• _EXERCISE DETAILS_
Repeat the entire listing exactly. Omit all pictures.

• _DATA SHOWN_
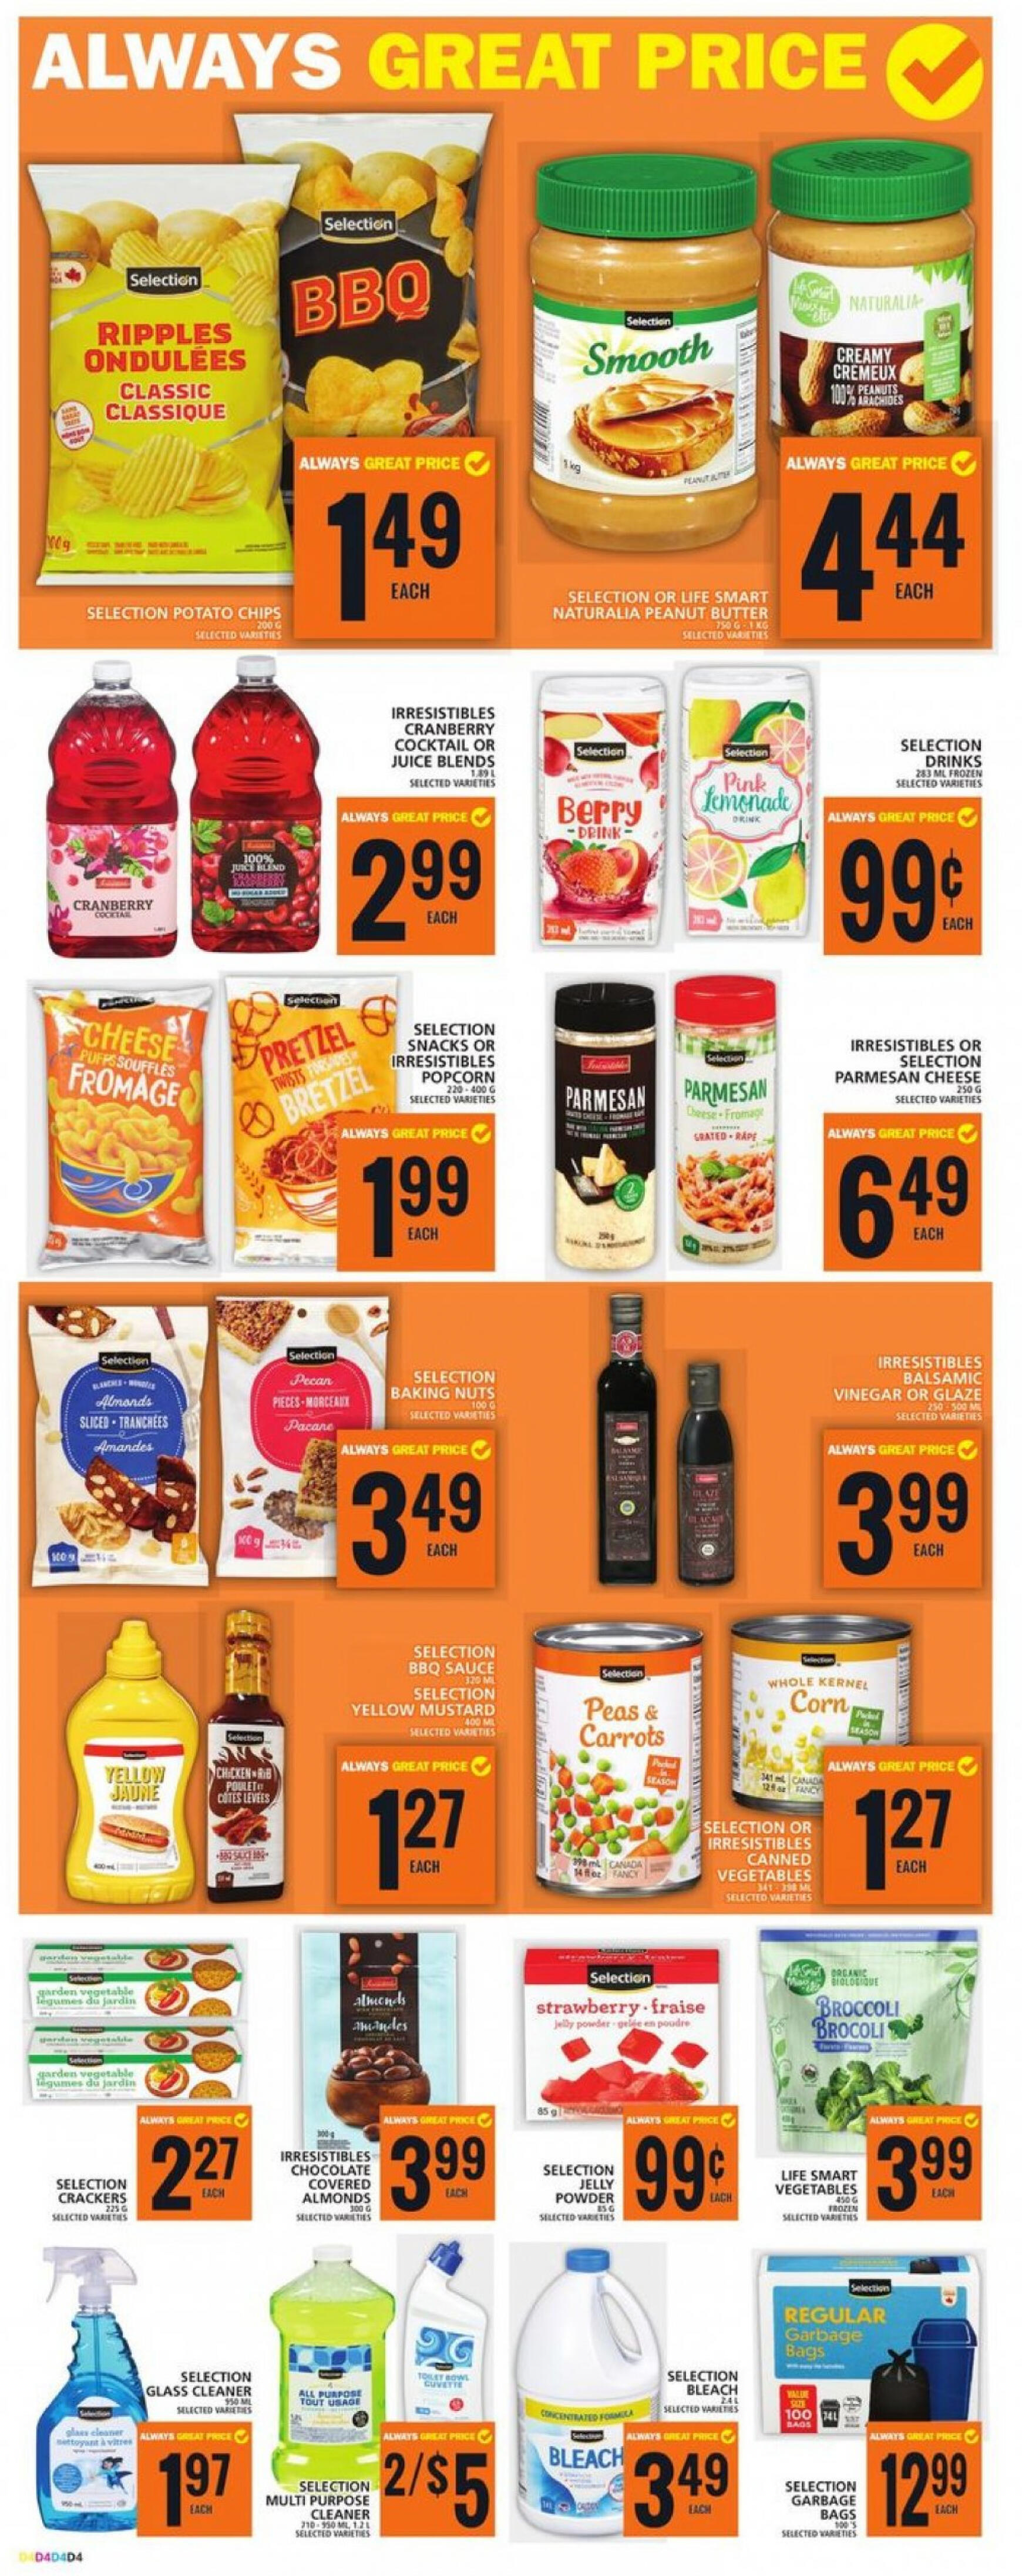 food-basics - Food Basics flyer current 23.05. - 29.05. - page: 9
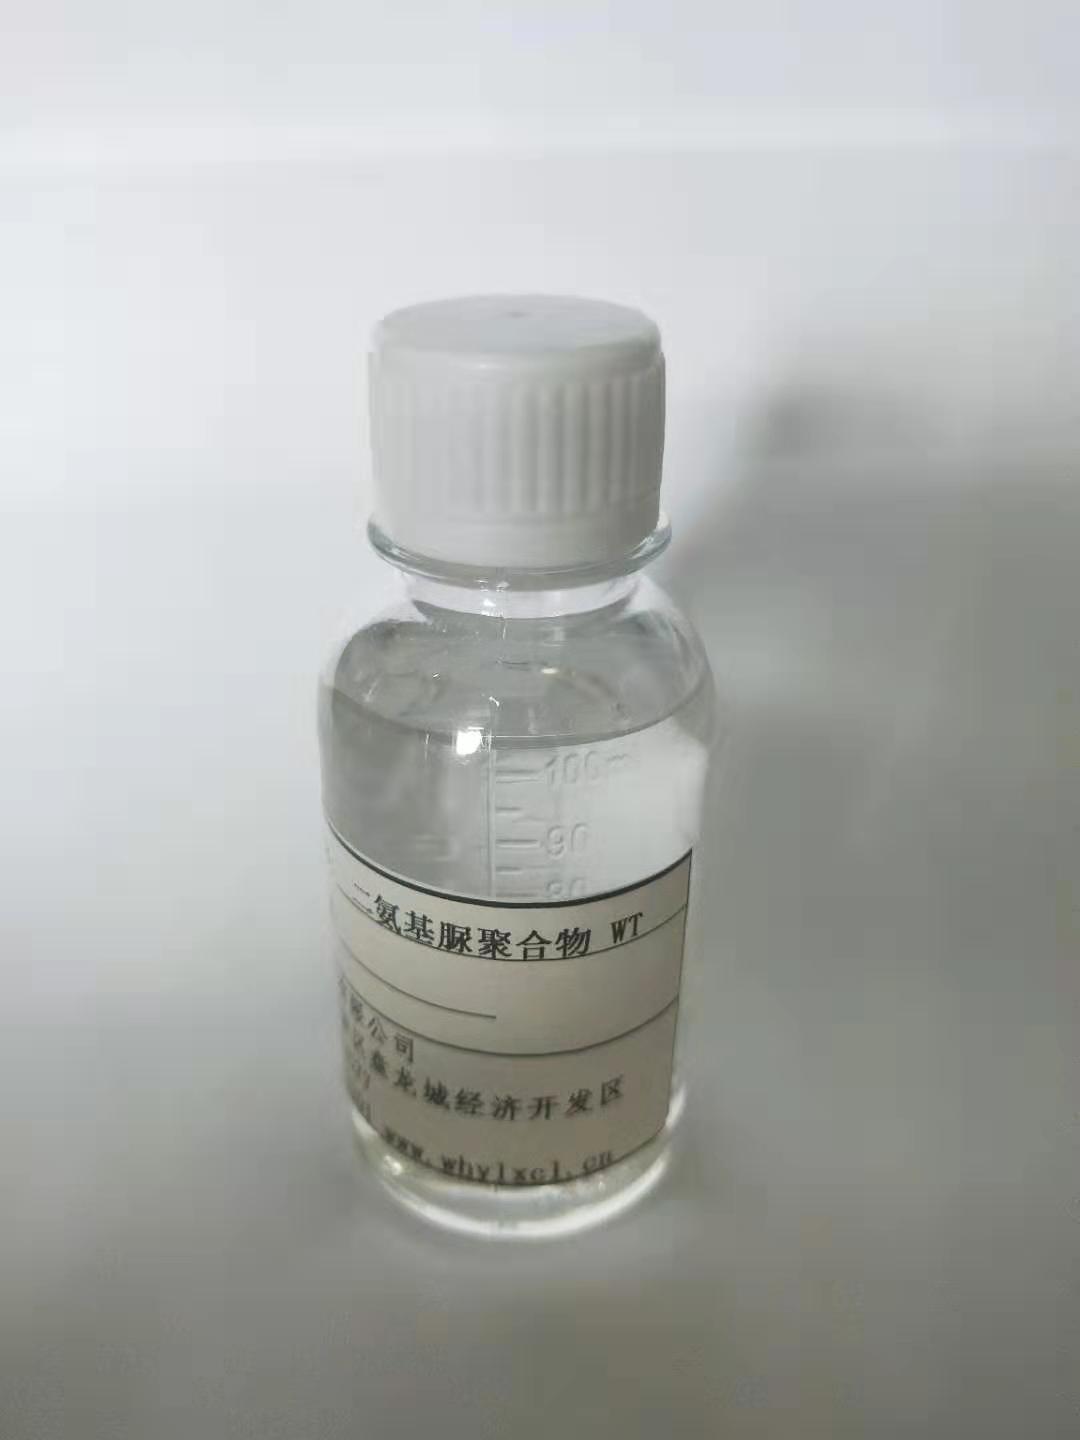 二氨基脲聚合物WT,Diaminoarea polymer
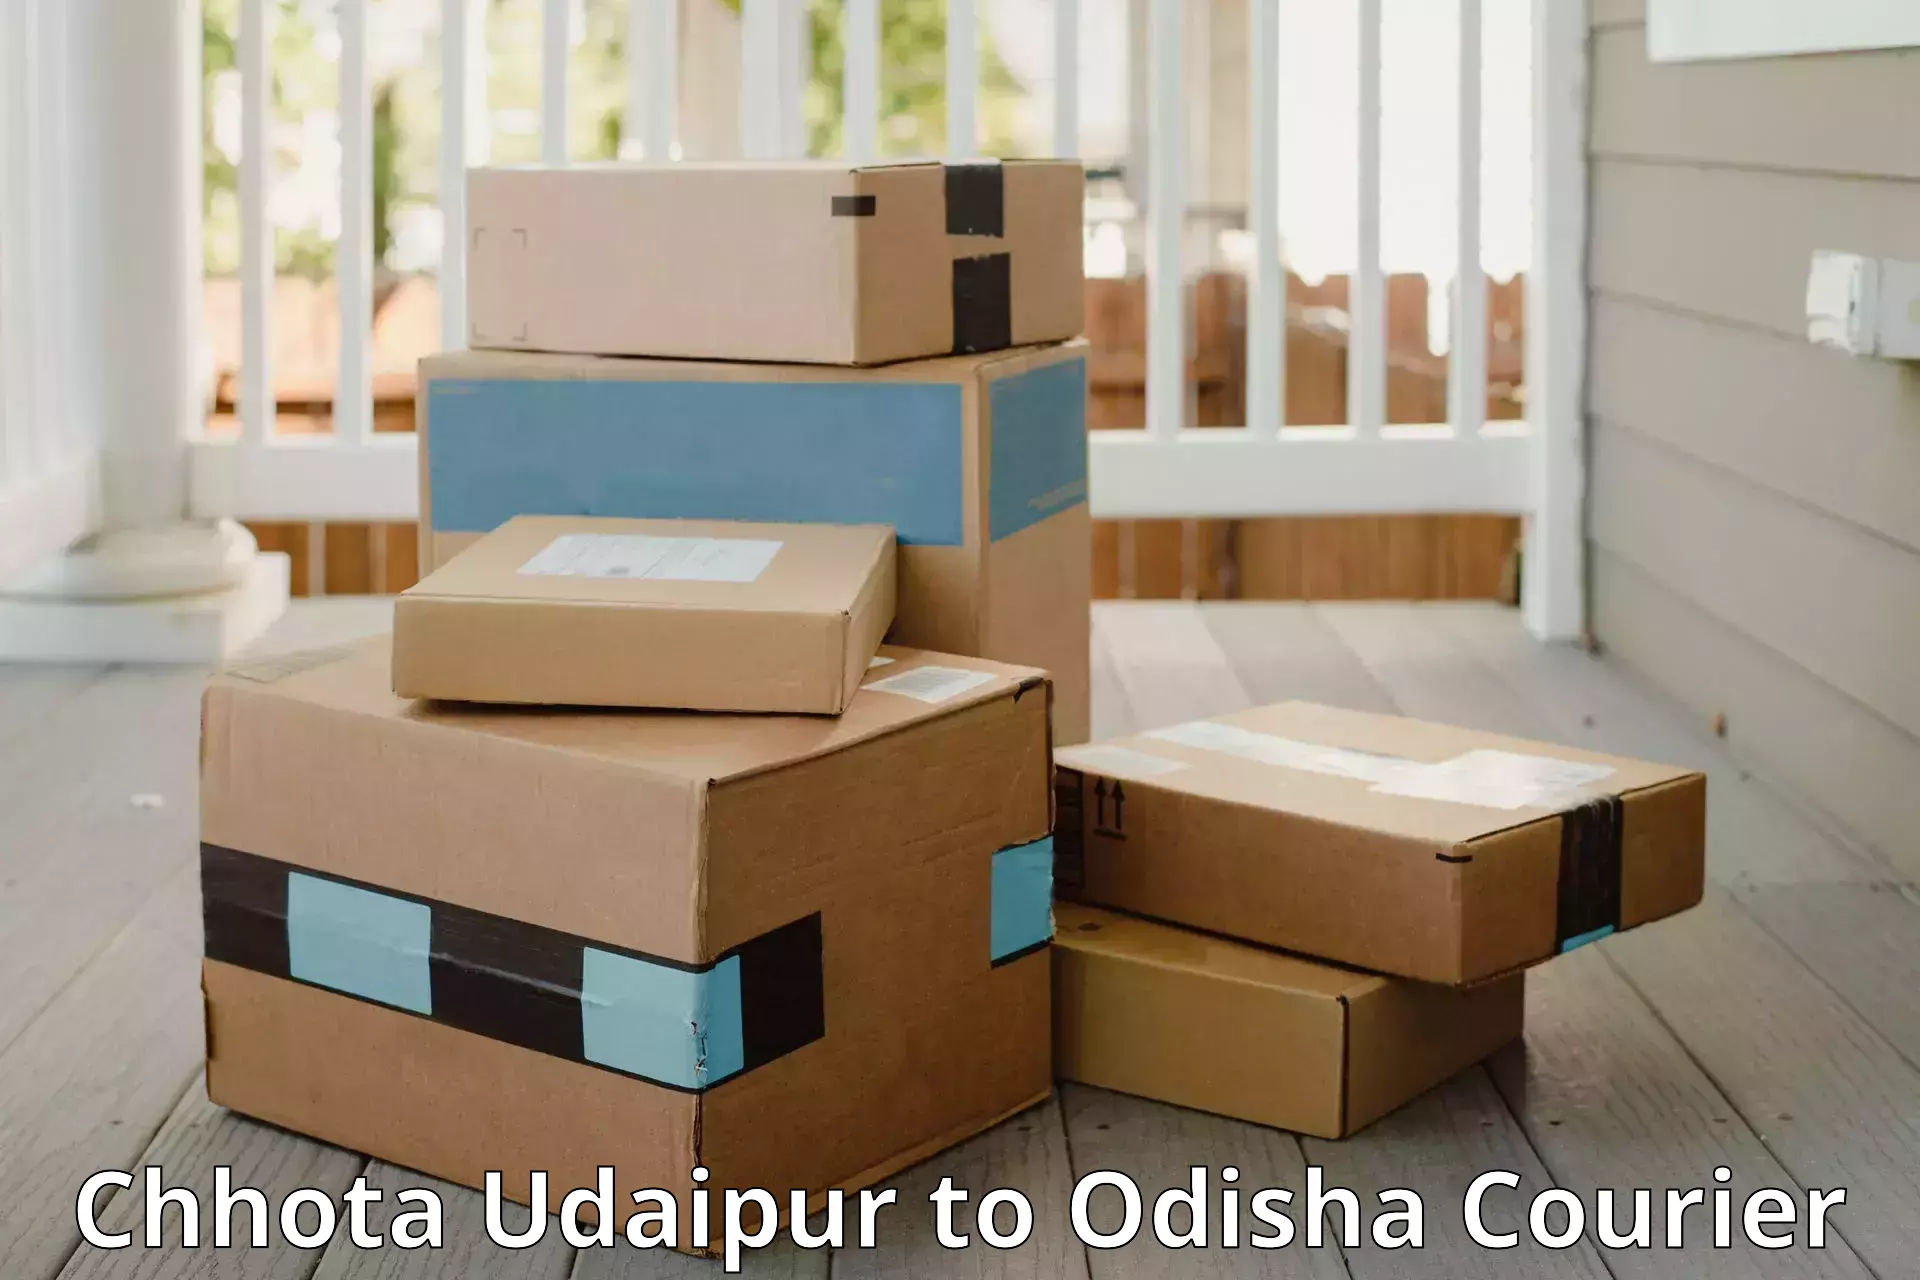 Express luggage delivery in Chhota Udaipur to Muniguda

• _RESULT FOR THIS TASK_
 food-basics - Food Basics flyer current 23.05. - 29.05. - page: 9
 二氨基脲聚合物WT,Diaminoarea polymer
 Express luggage delivery in Chhota Udaipur to Muniguda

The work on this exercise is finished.